## What to work on
The full listing, returned exactly and free of pictures, is the expected answer.

## Data provided
------------------------------------------------------------------------

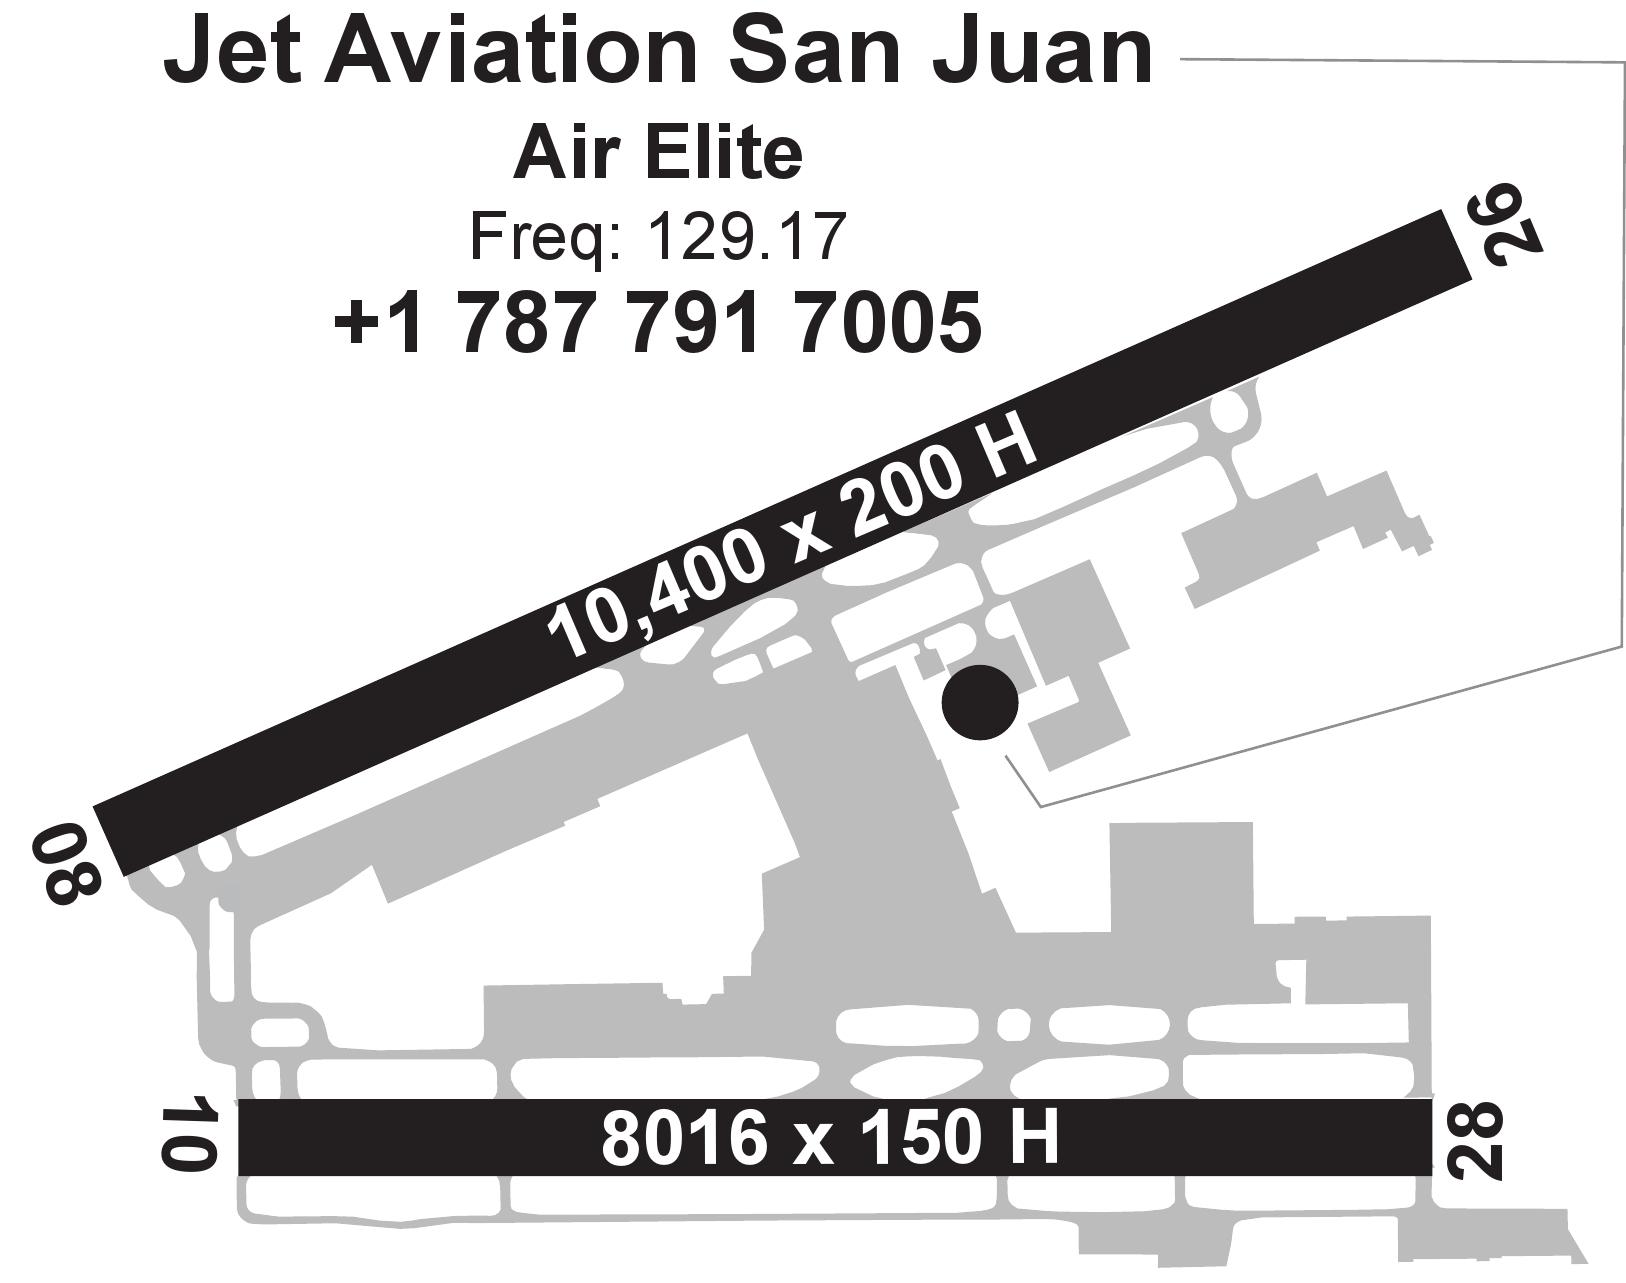 Jet Aviation San Juan
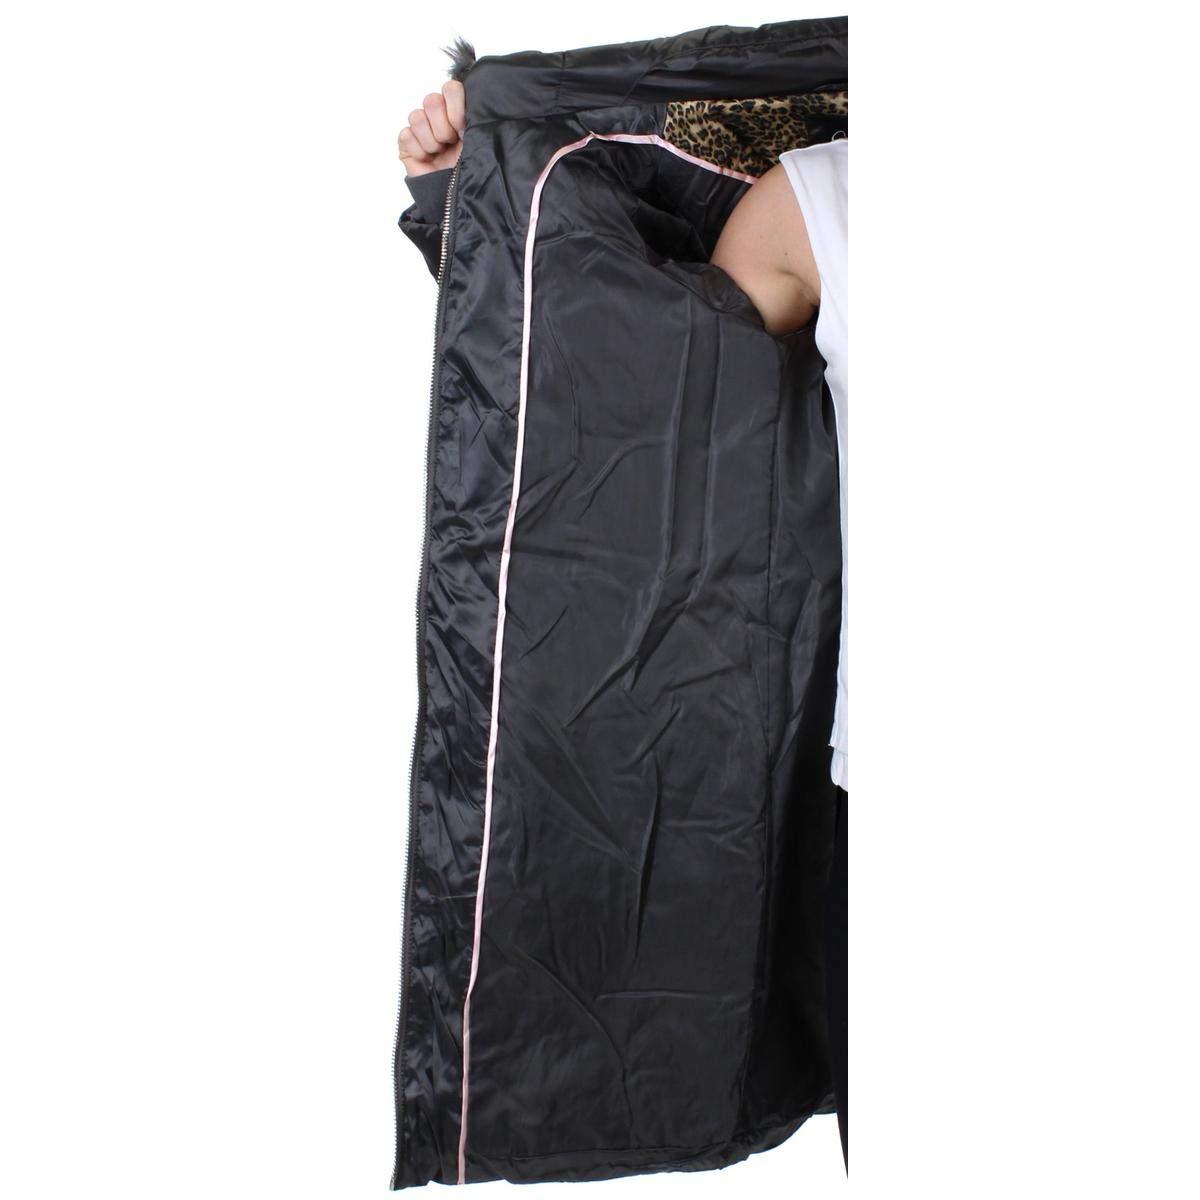 Jessica Simpson Womens Fashion Puffer Jacket
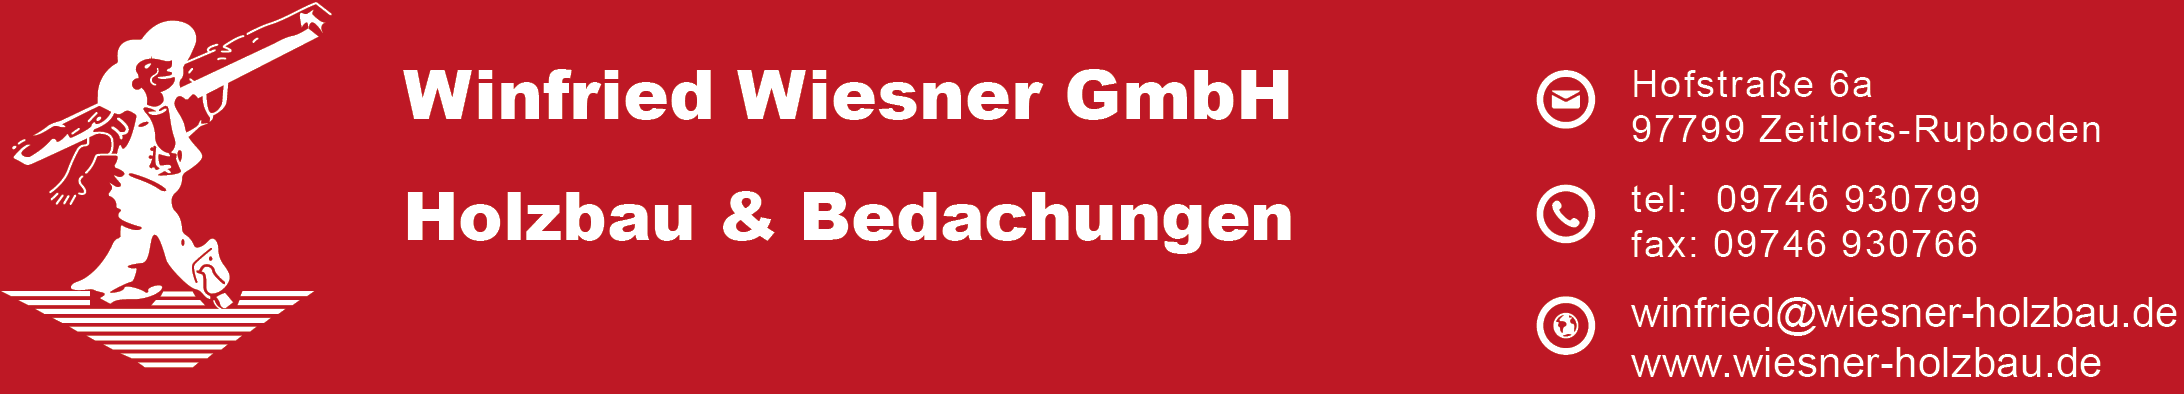 Winfried Wiesner Holzbau & Bedachungen GmbH

------------------------------------------------------------------------

## Written solution
 Jet Aviation San Juan
 Jessica Simpson Womens Fashion Puffer Jacket
 Winfried Wiesner Holzbau & Bedachungen GmbH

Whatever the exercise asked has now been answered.